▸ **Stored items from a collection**
____________

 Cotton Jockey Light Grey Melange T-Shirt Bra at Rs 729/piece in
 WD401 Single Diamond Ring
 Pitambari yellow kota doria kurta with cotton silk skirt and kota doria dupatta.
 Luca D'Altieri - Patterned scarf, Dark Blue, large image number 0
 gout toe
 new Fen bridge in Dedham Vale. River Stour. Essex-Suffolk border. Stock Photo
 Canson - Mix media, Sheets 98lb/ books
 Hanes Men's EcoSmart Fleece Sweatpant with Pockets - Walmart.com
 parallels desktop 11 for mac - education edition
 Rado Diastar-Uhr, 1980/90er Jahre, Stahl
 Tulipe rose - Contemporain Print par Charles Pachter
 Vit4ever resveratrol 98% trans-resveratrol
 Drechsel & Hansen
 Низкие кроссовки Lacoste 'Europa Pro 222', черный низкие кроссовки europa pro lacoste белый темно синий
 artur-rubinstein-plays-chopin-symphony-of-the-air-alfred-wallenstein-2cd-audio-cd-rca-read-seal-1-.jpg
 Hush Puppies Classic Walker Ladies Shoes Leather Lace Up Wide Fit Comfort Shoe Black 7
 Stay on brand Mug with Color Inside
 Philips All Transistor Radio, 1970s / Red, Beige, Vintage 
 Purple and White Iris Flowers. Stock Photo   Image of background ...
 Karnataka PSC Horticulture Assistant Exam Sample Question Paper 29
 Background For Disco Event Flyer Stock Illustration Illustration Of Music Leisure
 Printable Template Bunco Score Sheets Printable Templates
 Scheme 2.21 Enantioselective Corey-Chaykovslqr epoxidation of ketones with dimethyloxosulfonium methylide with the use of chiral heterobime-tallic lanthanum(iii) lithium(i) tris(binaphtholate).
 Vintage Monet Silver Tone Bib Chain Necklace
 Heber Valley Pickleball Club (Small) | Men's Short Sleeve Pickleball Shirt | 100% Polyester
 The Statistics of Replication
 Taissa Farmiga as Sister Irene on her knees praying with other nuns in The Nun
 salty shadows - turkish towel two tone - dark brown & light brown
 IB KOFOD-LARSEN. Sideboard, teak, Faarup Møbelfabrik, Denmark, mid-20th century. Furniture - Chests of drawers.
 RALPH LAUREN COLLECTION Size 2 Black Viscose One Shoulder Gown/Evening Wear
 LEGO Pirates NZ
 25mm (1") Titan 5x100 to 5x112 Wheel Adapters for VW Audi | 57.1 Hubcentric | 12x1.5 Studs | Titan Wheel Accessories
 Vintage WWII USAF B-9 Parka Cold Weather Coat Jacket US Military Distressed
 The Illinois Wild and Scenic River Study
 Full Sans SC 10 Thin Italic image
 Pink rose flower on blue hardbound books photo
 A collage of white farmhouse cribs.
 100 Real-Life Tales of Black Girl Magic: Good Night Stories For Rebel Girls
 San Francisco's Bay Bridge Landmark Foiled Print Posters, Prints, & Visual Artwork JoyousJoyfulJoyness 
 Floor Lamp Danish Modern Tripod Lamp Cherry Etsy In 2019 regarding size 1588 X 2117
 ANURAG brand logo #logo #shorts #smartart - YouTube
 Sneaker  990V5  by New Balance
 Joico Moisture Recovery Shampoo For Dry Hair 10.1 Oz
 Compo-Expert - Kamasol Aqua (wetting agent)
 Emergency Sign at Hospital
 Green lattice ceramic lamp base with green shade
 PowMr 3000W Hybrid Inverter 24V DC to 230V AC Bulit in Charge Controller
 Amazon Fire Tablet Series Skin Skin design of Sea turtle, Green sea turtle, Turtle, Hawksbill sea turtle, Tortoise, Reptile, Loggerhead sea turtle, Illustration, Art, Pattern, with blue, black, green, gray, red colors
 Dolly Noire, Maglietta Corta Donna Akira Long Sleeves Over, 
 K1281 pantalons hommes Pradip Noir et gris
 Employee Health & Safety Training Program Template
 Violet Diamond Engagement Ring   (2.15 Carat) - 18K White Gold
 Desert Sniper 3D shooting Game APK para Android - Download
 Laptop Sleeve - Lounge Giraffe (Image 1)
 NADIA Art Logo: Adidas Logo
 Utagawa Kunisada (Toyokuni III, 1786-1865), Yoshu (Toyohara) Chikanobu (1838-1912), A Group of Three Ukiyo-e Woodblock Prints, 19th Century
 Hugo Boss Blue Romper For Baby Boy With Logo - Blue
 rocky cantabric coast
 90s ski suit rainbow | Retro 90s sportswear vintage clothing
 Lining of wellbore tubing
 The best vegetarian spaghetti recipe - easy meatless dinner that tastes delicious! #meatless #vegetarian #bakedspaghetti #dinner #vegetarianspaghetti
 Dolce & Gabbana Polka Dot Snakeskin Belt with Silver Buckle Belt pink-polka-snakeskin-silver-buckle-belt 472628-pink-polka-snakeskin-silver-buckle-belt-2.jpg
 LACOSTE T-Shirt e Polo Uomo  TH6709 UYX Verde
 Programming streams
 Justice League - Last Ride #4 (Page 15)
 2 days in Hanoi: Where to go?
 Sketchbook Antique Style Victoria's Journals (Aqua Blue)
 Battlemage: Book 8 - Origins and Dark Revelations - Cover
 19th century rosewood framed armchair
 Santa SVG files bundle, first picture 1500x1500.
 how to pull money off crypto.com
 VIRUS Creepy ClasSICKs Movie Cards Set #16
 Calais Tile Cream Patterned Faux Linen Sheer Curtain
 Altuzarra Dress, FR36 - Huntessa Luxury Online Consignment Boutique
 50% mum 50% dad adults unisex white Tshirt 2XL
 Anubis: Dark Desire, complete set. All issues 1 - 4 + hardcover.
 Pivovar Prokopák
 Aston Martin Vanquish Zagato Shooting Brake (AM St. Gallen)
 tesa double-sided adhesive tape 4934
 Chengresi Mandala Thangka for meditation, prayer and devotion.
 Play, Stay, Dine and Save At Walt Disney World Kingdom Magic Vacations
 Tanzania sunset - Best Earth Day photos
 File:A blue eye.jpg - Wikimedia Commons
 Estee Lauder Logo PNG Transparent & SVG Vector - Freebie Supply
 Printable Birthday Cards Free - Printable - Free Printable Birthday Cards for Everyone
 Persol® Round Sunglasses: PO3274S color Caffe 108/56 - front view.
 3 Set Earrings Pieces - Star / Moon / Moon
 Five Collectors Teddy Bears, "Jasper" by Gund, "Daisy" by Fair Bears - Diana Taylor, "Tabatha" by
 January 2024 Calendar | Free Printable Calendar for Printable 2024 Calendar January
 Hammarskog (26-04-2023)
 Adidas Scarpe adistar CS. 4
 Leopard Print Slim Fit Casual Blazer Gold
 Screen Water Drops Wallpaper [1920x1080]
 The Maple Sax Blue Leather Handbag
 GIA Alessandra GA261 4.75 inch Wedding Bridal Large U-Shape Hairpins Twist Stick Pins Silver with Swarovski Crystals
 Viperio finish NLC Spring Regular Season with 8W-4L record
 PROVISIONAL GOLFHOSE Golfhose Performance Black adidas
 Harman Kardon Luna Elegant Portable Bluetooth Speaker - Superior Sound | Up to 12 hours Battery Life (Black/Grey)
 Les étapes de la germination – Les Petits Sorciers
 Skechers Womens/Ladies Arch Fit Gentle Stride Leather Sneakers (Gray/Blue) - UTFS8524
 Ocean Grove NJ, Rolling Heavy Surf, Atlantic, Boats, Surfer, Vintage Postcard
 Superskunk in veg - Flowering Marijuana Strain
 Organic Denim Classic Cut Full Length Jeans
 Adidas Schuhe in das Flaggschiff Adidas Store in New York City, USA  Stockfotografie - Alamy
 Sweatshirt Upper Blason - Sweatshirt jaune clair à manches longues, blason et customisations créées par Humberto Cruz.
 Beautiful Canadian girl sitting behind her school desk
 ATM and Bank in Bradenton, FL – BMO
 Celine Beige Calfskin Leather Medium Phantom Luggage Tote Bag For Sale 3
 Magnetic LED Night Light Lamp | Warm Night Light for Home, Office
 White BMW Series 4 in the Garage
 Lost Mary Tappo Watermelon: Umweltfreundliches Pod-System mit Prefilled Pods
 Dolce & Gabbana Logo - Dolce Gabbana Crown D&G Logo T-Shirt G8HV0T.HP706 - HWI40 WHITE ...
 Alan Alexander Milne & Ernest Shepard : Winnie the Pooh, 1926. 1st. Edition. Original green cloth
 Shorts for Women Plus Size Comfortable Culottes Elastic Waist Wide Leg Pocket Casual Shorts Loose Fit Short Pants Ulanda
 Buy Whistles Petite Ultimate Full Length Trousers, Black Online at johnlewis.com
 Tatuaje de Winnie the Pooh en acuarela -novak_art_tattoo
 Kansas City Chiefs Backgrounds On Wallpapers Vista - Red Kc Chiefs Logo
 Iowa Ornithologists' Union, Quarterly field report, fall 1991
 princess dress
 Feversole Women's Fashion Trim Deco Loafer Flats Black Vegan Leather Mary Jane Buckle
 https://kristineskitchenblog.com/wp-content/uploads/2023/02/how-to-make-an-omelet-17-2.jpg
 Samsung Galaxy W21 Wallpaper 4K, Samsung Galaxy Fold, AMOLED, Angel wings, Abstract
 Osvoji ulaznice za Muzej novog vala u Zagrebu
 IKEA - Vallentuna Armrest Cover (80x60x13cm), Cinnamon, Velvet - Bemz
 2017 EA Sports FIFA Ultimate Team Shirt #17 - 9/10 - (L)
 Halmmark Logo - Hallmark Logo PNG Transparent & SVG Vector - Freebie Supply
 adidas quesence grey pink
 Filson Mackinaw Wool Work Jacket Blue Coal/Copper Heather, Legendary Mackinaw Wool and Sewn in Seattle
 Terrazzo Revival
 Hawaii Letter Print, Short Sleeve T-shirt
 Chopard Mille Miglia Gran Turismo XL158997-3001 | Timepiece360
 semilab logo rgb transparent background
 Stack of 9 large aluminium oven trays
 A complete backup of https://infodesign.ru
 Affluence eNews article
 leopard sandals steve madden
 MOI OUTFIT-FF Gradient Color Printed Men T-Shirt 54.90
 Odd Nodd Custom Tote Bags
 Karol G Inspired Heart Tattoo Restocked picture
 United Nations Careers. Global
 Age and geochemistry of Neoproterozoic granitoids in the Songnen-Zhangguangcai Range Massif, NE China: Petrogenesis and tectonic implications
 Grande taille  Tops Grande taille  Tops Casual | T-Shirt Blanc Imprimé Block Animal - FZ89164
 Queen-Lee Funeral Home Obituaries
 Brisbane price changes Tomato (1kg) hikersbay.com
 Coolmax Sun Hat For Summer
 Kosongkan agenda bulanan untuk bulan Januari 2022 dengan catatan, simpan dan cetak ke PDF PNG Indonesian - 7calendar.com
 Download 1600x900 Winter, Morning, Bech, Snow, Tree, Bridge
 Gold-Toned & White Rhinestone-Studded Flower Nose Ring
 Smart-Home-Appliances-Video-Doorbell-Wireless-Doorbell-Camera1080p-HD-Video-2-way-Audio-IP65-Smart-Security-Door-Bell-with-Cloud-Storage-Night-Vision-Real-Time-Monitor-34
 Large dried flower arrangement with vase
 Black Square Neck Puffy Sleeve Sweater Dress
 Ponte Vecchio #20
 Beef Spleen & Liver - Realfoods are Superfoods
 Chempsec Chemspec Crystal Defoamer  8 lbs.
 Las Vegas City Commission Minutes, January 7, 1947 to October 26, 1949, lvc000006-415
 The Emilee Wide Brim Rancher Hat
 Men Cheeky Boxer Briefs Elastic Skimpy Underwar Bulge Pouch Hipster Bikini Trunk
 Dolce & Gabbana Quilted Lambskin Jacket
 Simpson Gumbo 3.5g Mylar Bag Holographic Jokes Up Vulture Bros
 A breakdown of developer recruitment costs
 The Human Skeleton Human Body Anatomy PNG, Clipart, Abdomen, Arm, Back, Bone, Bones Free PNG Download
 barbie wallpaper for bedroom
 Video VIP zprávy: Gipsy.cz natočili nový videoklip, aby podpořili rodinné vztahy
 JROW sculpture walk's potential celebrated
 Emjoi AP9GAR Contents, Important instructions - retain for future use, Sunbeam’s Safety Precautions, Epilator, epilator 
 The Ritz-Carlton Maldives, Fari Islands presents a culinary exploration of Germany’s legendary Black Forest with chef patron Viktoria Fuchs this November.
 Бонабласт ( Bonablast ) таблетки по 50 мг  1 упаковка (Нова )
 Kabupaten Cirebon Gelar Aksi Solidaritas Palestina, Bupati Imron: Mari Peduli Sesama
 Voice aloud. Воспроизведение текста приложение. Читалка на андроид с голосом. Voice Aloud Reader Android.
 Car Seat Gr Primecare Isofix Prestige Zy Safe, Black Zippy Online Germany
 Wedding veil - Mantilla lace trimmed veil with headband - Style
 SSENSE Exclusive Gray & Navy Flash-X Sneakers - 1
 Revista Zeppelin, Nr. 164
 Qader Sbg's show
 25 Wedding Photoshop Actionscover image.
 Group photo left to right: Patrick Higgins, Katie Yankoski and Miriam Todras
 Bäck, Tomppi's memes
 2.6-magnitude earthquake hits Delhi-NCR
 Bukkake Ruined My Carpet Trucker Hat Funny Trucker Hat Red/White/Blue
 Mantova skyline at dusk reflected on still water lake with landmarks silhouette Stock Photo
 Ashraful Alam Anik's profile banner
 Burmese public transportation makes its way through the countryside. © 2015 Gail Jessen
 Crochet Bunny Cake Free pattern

____________

▸ **YOUR INSTRUCTIONS**
Extract exactly and only the lines above from the line containing "leopard sandals steve madden" through the line containing "Ponte Vecchio #20", both end lines included.

▸ **RESULT**
 leopard sandals steve madden
 MOI OUTFIT-FF Gradient Color Printed Men T-Shirt 54.90
 Odd Nodd Custom Tote Bags
 Karol G Inspired Heart Tattoo Restocked picture
 United Nations Careers. Global
 Age and geochemistry of Neoproterozoic granitoids in the Songnen-Zhangguangcai Range Massif, NE China: Petrogenesis and tectonic implications
 Grande taille  Tops Grande taille  Tops Casual | T-Shirt Blanc Imprimé Block Animal - FZ89164
 Queen-Lee Funeral Home Obituaries
 Brisbane price changes Tomato (1kg) hikersbay.com
 Coolmax Sun Hat For Summer
 Kosongkan agenda bulanan untuk bulan Januari 2022 dengan catatan, simpan dan cetak ke PDF PNG Indonesian - 7calendar.com
 Download 1600x900 Winter, Morning, Bech, Snow, Tree, Bridge
 Gold-Toned & White Rhinestone-Studded Flower Nose Ring
 Smart-Home-Appliances-Video-Doorbell-Wireless-Doorbell-Camera1080p-HD-Video-2-way-Audio-IP65-Smart-Security-Door-Bell-with-Cloud-Storage-Night-Vision-Real-Time-Monitor-34
 Large dried flower arrangement with vase
 Black Square Neck Puffy Sleeve Sweater Dress
 Ponte Vecchio #20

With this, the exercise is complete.